Doctors diagnose RA by asking about a person’s medical history, doing a complete physical examination, and ordering a series of imaging and blood tests.
These tests check for:
- swollen joints
- the degree of pain a person is experiencing
- the presence of antibodies in the blood called rheumatoid factor
- bone and joint abnormalities
Common tests to diagnose RA include:
- Erythrocyte sedimentation rate (ESR): A test measuring how quickly red blood cells settle to the bottom of a test tube. The ESR test indicates the presence of an inflammatory condition, such as RA, but cannot diagnose RA on its own.
- C-reactive protein (CRP) test: A test that indicates the level of C-reactive protein in the blood. Higher levels of CRP in the blood may indicate inflammation or infection in the body.
- Complete blood test: A test to check for anemia. A 2017 study in the World Journal of Pharmaceutical and Medical Research reported that 60 percent of Sudanese people with RA in the study also had anemia.
Diagnosing pulmonary fibrosis
A doctor will request one or more of the following tests to help diagnose pulmonary fibrosis.
- pulse oximetry
- pulmonary function test
- imaging tests, such as chest X-rays or computed tomography scans
- lung tissue biopsy
- arterial blood gas test
These tests show whether there is inflammation or damage in the lung tissue. They also measure the levels of oxygen, carbon dioxide, and air capacity in the lungs.

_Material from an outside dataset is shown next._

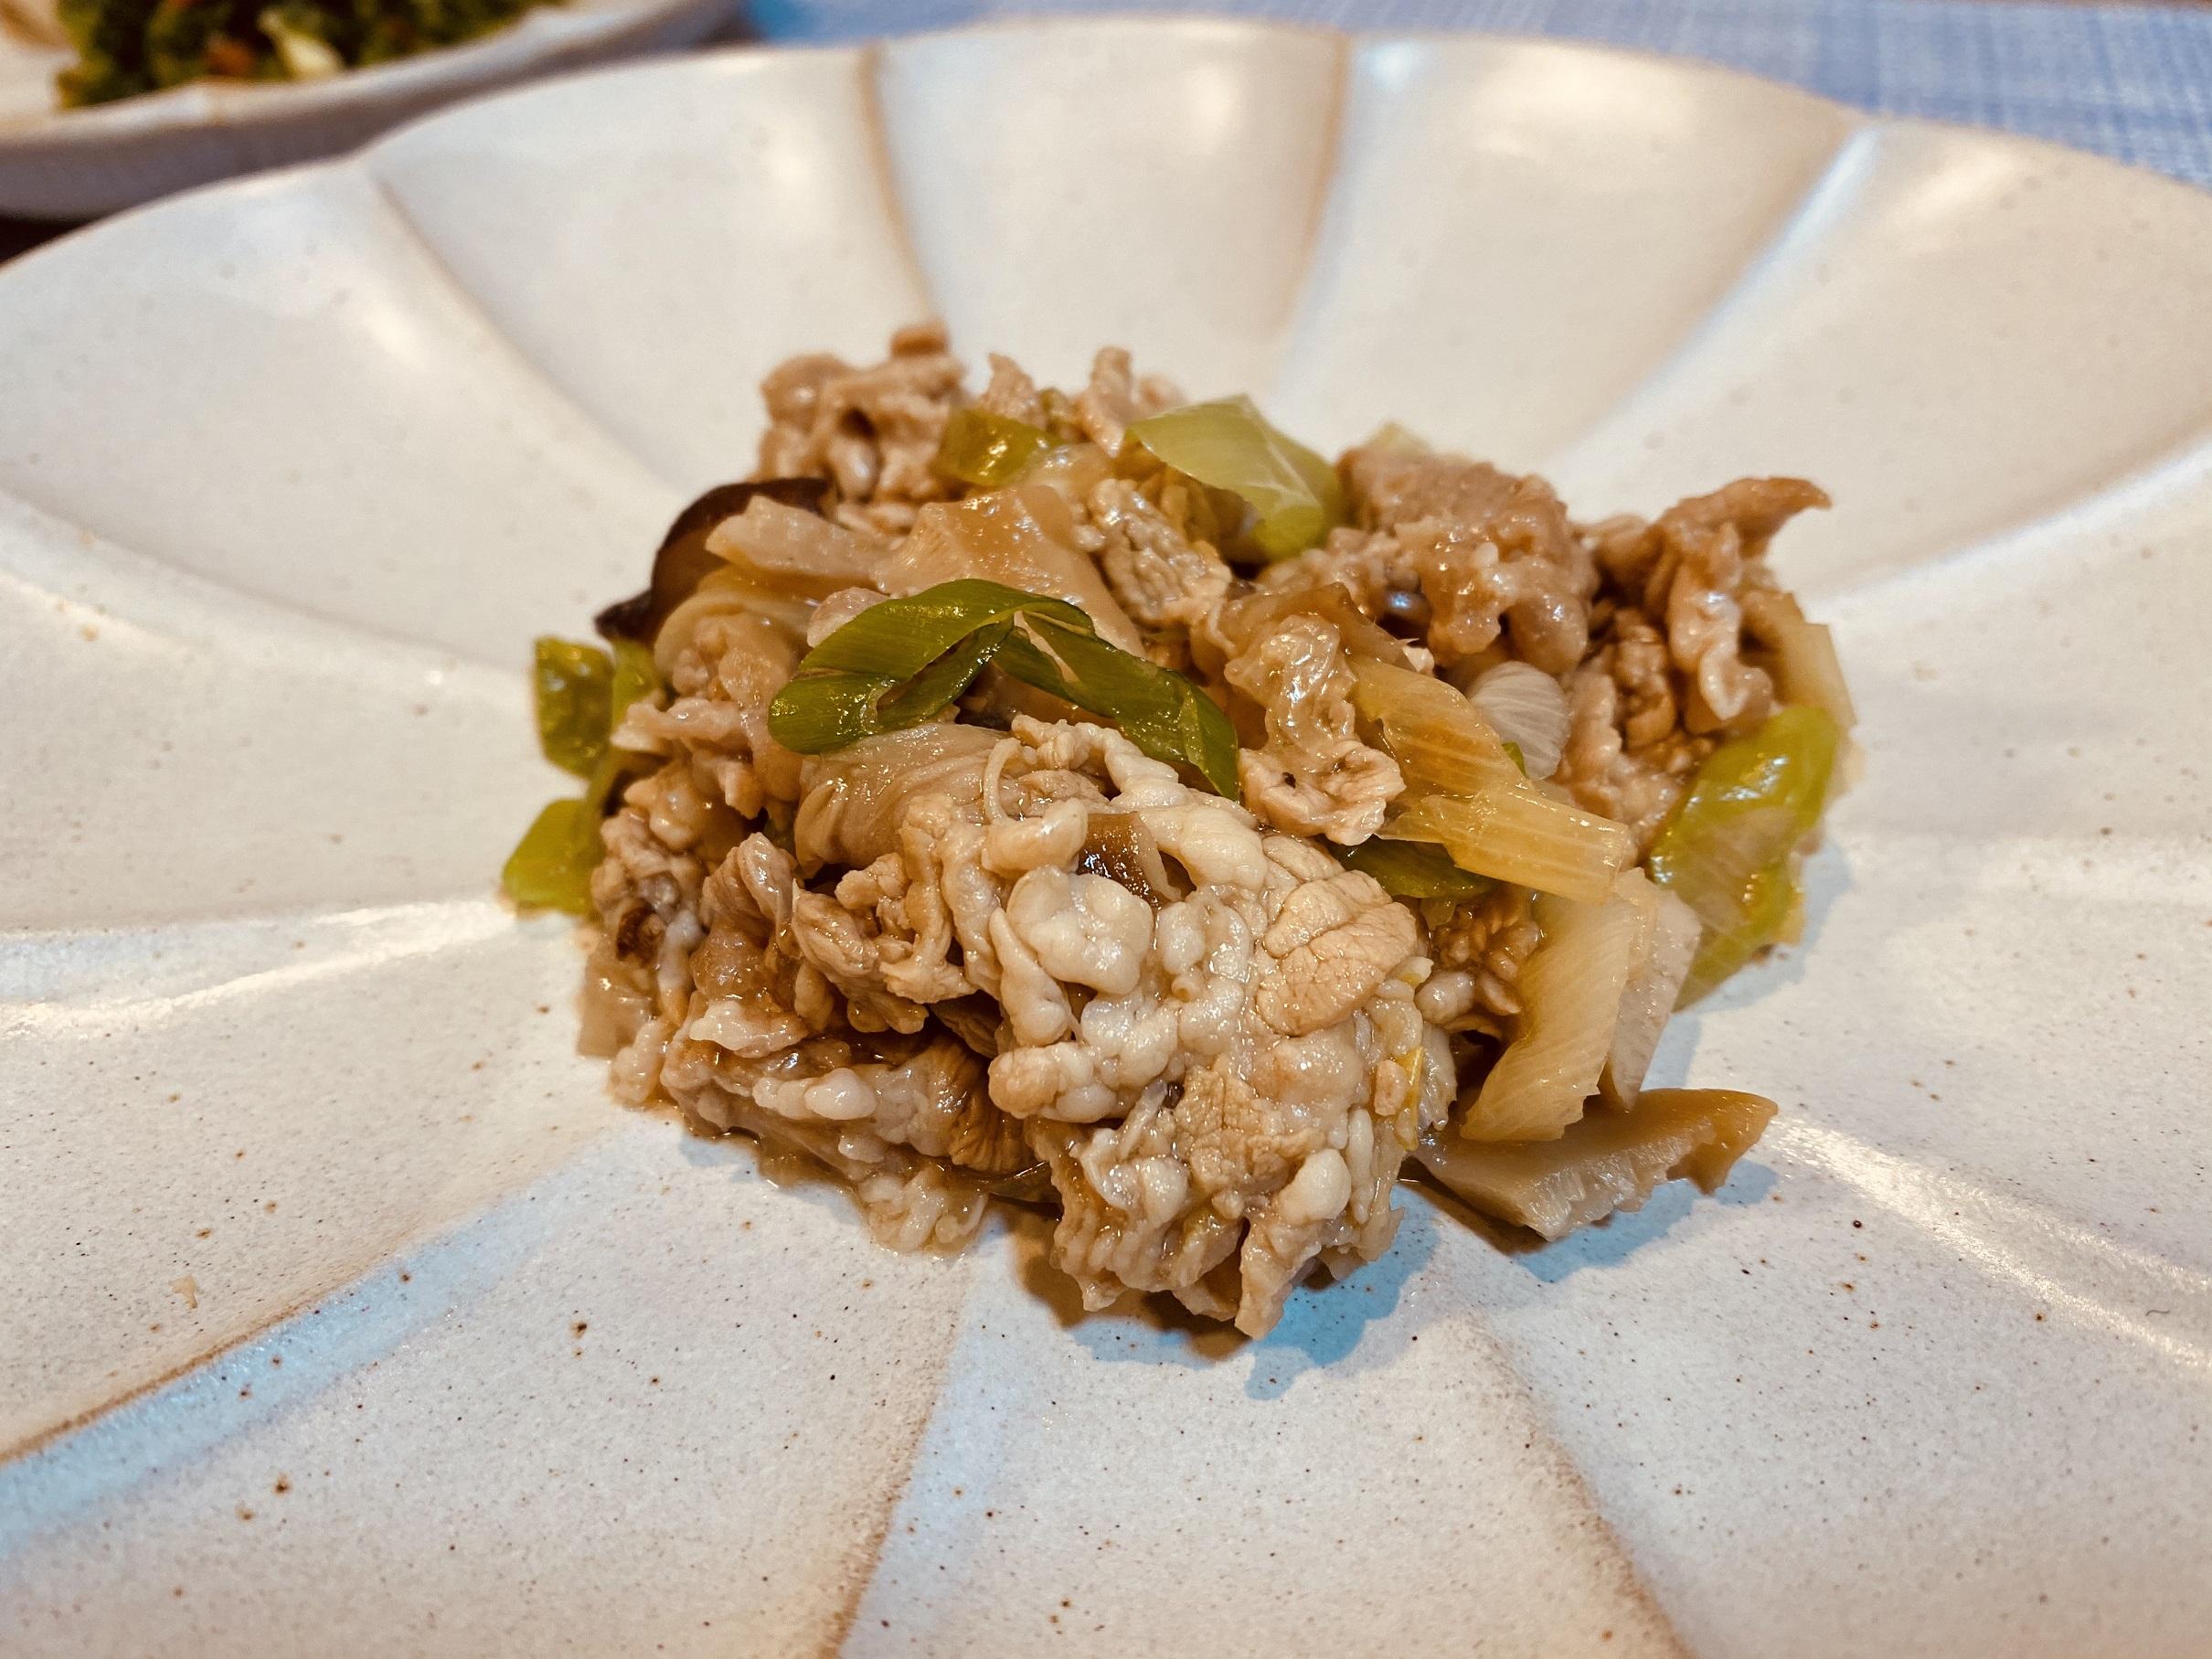 (メニューの一例)鶏肉と里芋の煮物、菜の花と油揚げの和え物

Complications from RA-linked pulmonary fibrosis can become life-threatening if not treated promptly.
According to the National Rheumatoid Arthritis Society, people should see their doctor if they experience lung problems for more than 1 month.
They should also see a doctor if they experience sudden but regular severe breathlessness while doing everyday tasks.
The doctor will assess the extent of the problem and may make a referral to a specialist called a rheumatologist if necessary.
Both RA and pulmonary fibrosis have no cure, so treatment goals aim to manage the symptoms and reduce the progression of the disease.
Medications and treatments to control RA-linked pulmonary fibrosis may include:
RA-linked pulmonary fibrosis progresses differently from person-to-person. Some people experience worsening of symptoms within months, while in others, the disease may take a few years to advance.
Differences in progression may be because age, genetics, and lifestyle factors play a role in the development of both conditions.
According to a study in Clinical Medical Insights: Circulatory, Respiratory and Pulmonary Medicine the average life expectancy for someone with pulmonary fibrosis is 2.5 to 5 years, although this is merely an estimate drawn from large-scale population studies.
If a person has RA and experiences lung problems, they should talk to a doctor at the earliest opportunity about the nature and frequency of symptoms. Recent advances in medication and treatment have improved both management of symptoms and quality of life in the long-term.